## [HOW TO COMPLETE THIS TASK]
Write out the lines below exactly, beginning at the one with "Mahogany flame veneer" and stopping after the one with "With seven drawers, presumably"; the pictures are not copied.

## [AVAILABLE DATA]
* * * * * * * * *

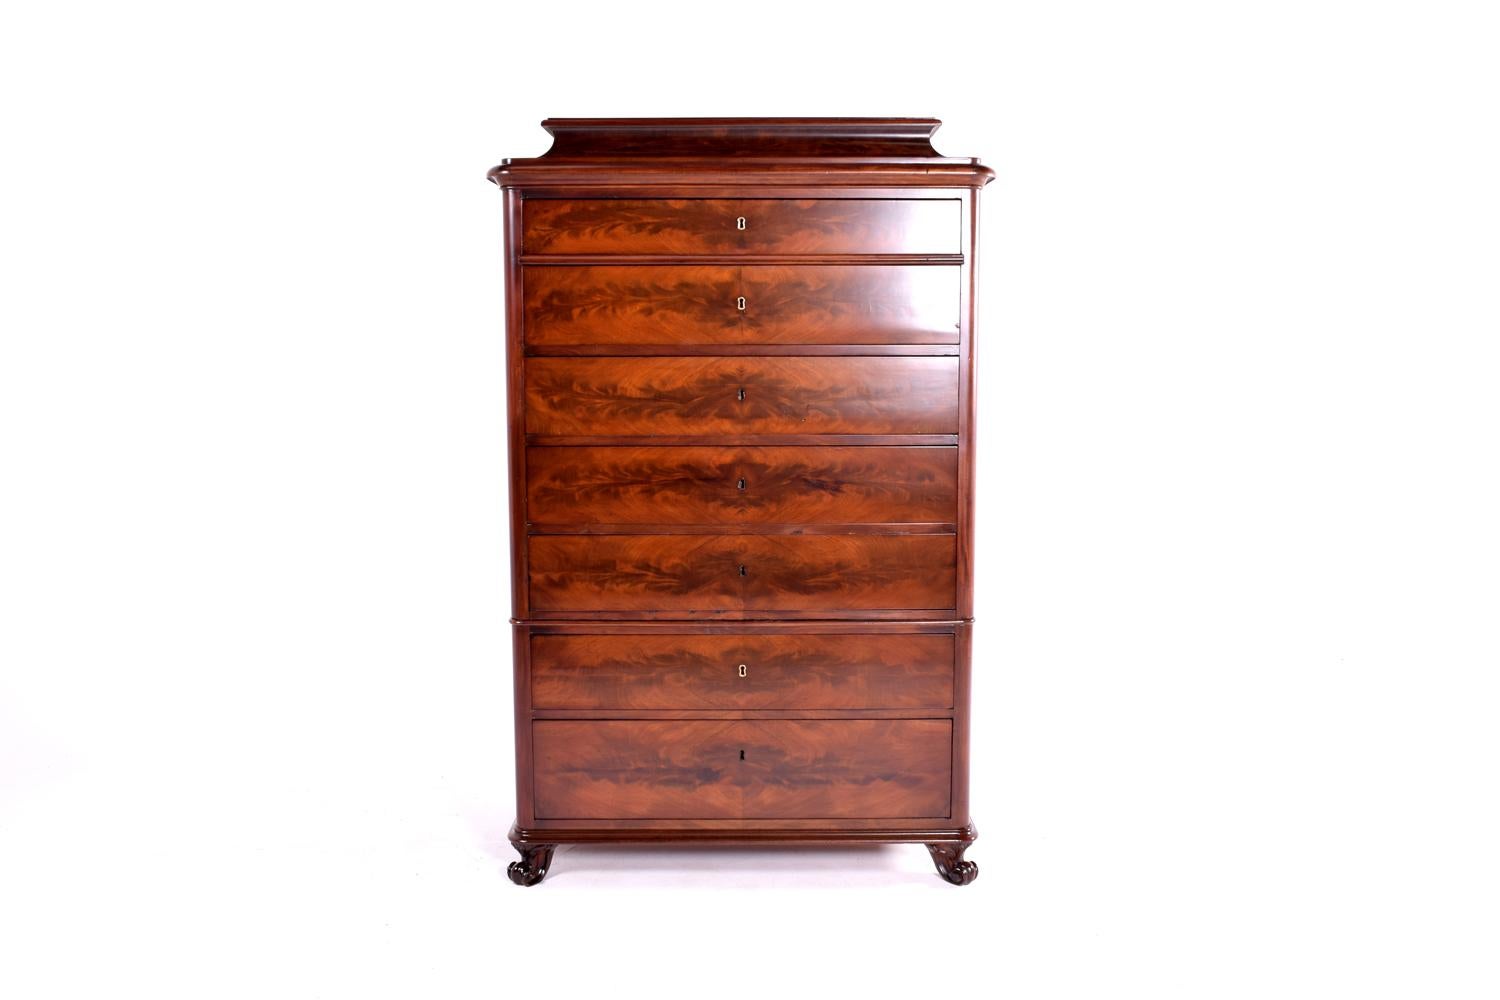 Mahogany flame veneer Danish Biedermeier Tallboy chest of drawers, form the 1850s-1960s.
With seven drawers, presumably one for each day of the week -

* * * * * * * * *

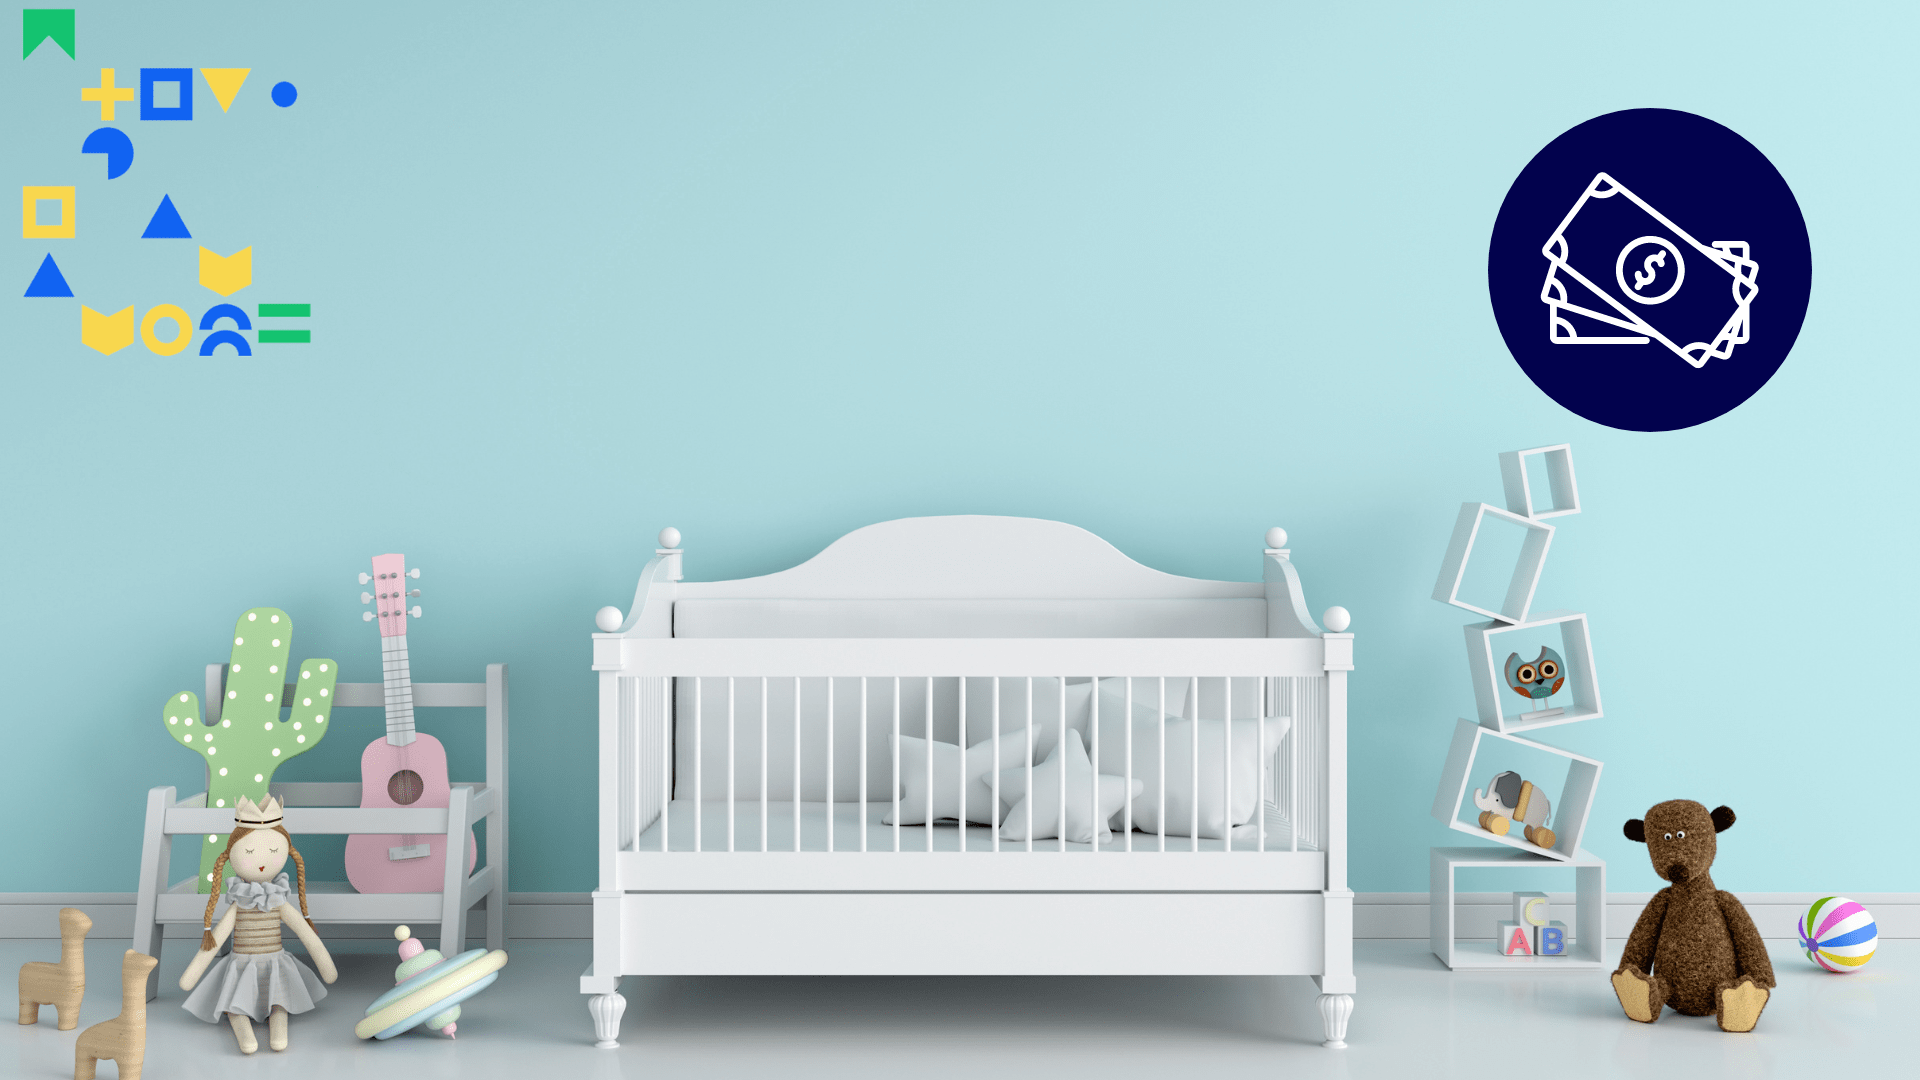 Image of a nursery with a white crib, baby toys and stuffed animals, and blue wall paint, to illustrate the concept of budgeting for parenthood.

* * * * * * * * *

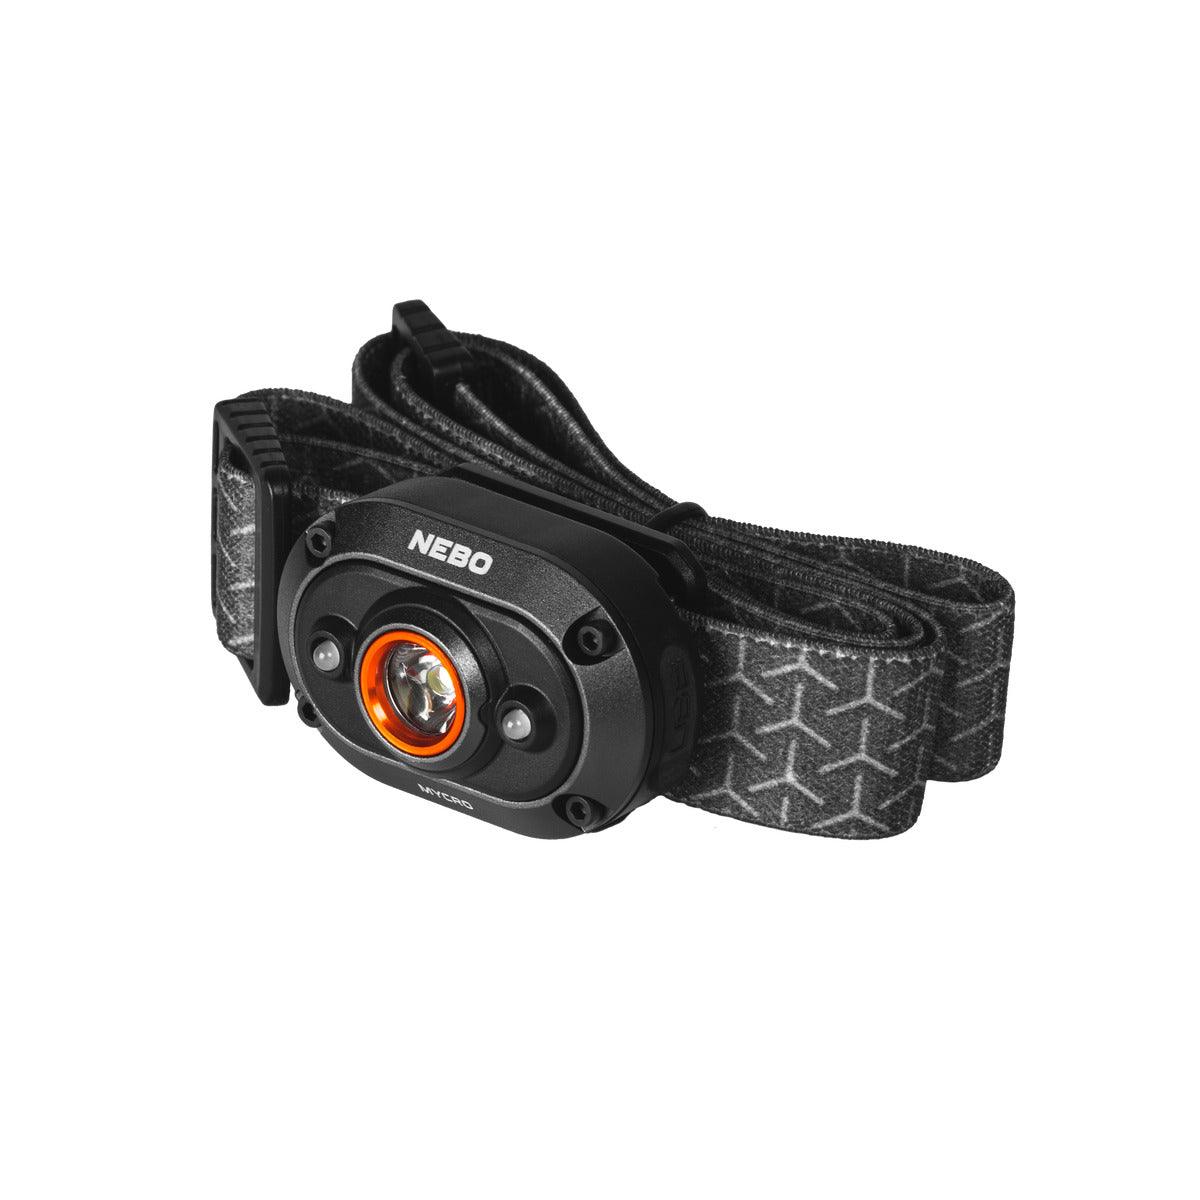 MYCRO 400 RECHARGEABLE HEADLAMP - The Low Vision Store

* * * * * * * * *

## [ANSWER SPACE]
 Mahogany flame veneer Danish Biedermeier Tallboy chest of drawers, form the 1850s-1960s.
With seven drawers, presumably one for each day of the week -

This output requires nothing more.